Купец заказывает. Тем временем, мнимая больная подруга Маня преспокойно сидит за соседним столом и обрабатывает своего пригласителя в том же духе. Такие заказы на «отсыл», разумеется, ставятся лишь в счет, но ни кухнею, ни погребом не исполняются; процентов двадцать пять из оплаченного гостем псевдозаказа получает певица, остальное – чистый доход ресторатора. Искушенные опытом гости не желая ни отказать певице, ни дать себя в обман, требуют, чтобы им показали исполненный заказ. Мера эта, однако, довольно наивная и ни к чему не ведущая: певицы заказывают обыкновенно так называемые plats du jour[15], постоянно имеющиеся на кухне, и, следовательно, за ресторатором остается полная возможность показать вам чужого цыпленка за вашего, тем более, что пробовать кушанье вы не станете: это считается неприличным и, если вы отрежете от огромного цыпленка микроскопическую часть крылышка для себя, ваша собеседница не преминет приказать человеку:

– Оставьте это здесь на столе, а для Мани приготовьте другого.

– Зачем же другого? – протестует изумленный гость. – Я ведь только крылышко.

– Не посылать же женщине надрезанного цыпленка? Маня объедков не ест… Если вам жалко, я прикажу записать на свой счет.

Гость или конфузится и платит, или оскорбляется и начинает ругаться. Но при первом же резком выражении его стол пустеет: певицы разом срываются с мест, как испуганная стая воробьев, и удаляются с оскорбленными лицами, с полными негодования взглядами. Разыгрывать «невинно обиженных» они – великие мастерицы; иная сделает такую «немую сцену», что твоя Дузе! Довольно возмутительная, манера некоторых промышленниц на пользу буфета – притворяться крепко пьяными, и – будто не владея уже своими движениями – опрокинуть на скатерть блюдо с кушаньем, разлить дорогое вино, – так что гость волей-неволею должен спросить новую порцию, новую бутылку… Есть великие мастерицы спаивать целые компании, делая вид, будто пьют со всеми наравне: они незаметно, среди разговора, выливают свои стаканы под стол или в кадки с цветами.
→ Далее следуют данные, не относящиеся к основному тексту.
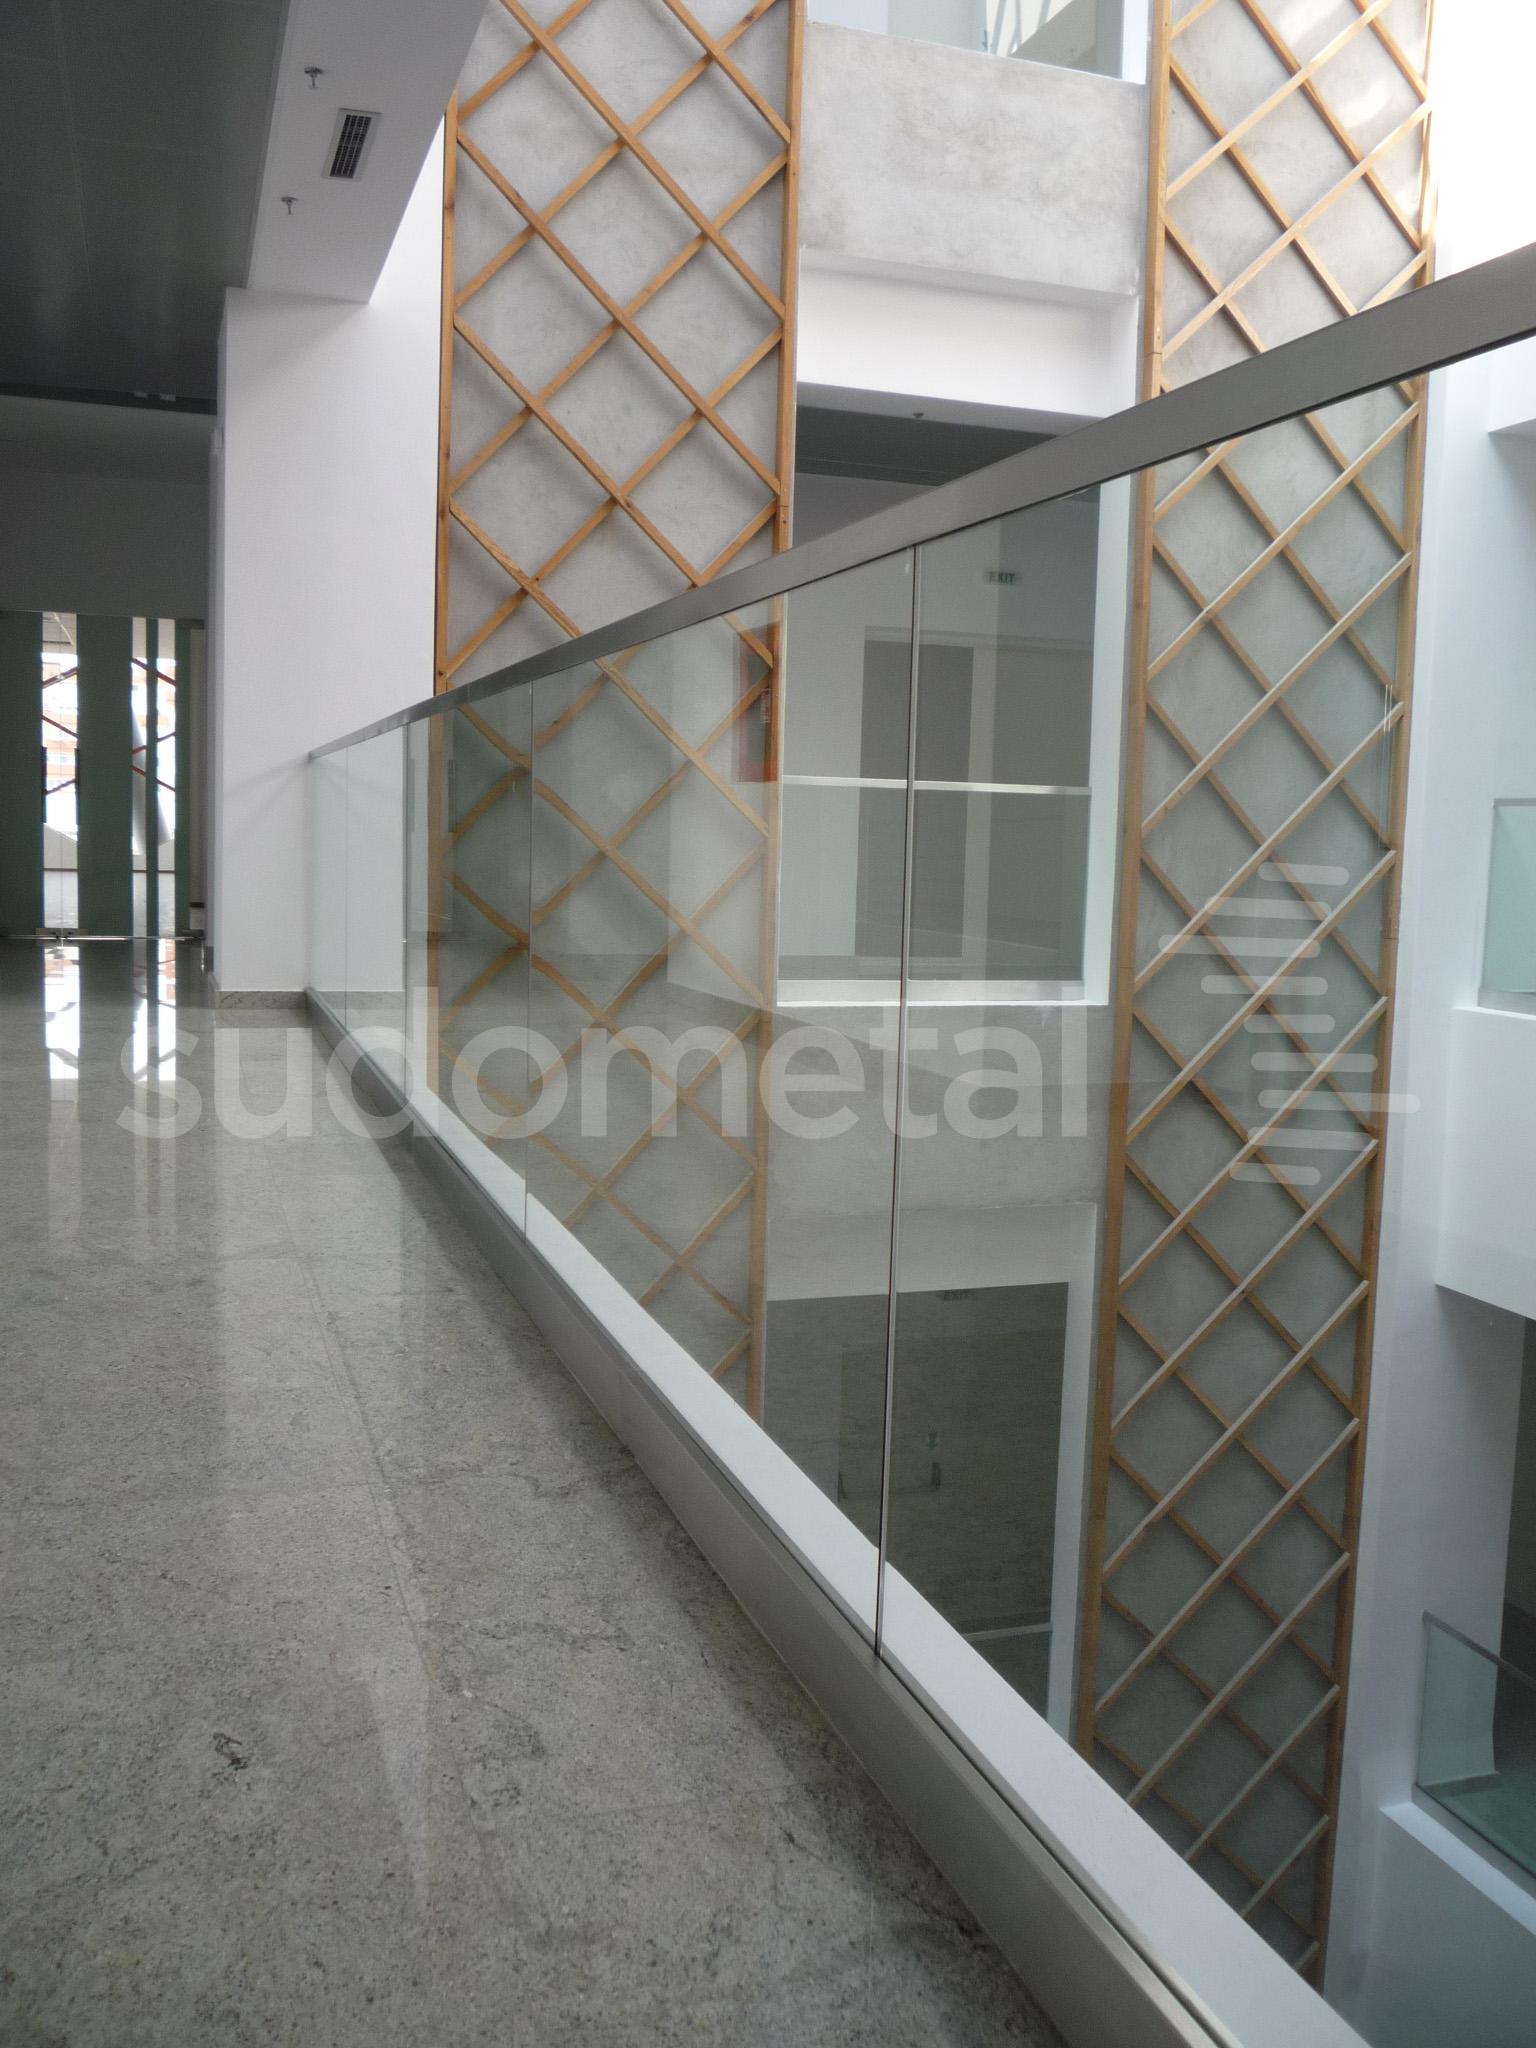 Balustrade din sticla - Balustrada cladire de birouri 30 Avenue, Bacau SUDOMETAL - Poza 4

Если гость заметит и рассердится, – следует либо извинение, что «нечаянно», либо наглый хохот:

– Ну и вылила… а тебе жалко?

– Еще бы не жалко: ведь ты рублей двадцать пять расплескала по полу.

– Эка важность! Нешто это деньги? Зато я с тобою сидела целый вечер…

Ссориться с гостями, т. е. возражать им, певицам строго запрещено: за это можно заплатить большой штраф и даже быть удаленною из хора. Поэтому на ссору с посетителем певица, как бы скотски он ни вел себя, решается лишь в том случае, если она уверена, что ее ответная брань не только не оскорбит ругателя, но даже понравится ему, как своеобразная удаль. Как ни странно, но есть охотники-спортсмены и по этой части.

– Где вы были вчера вечером? – спрашиваю как-то раз знакомого художника, замечая, что у него взоры бессонные, речи несвязные и ланиты помятые.

– В Эльдорадо… я теперь там постоянно…

– Вот! Что же вы делаете?

– Знаете Лину? Шатенка, курносая… Так я при ней нашел постоянное занятие: дразню ее, пока не переругаемся. Ну уж, батюшка, и ругается же, я вам доложу: этакой виртуозности я и не слыхивал! Музыка – просто музыка!

 

Любопытно, что виртуозка по части ругани, способная мгновенно наполнить зал неистощимым потоком сквернословия, была девица, и очень строгая девица. Вообще, в этом темном мирке встречаются удивительные контрасты. Подсаживается к столу женщина: нахальный взгляд, манеры уличной женщины, распущенная речь, полная цинических прибауток, усыпанная гнуснейшими анекдотами…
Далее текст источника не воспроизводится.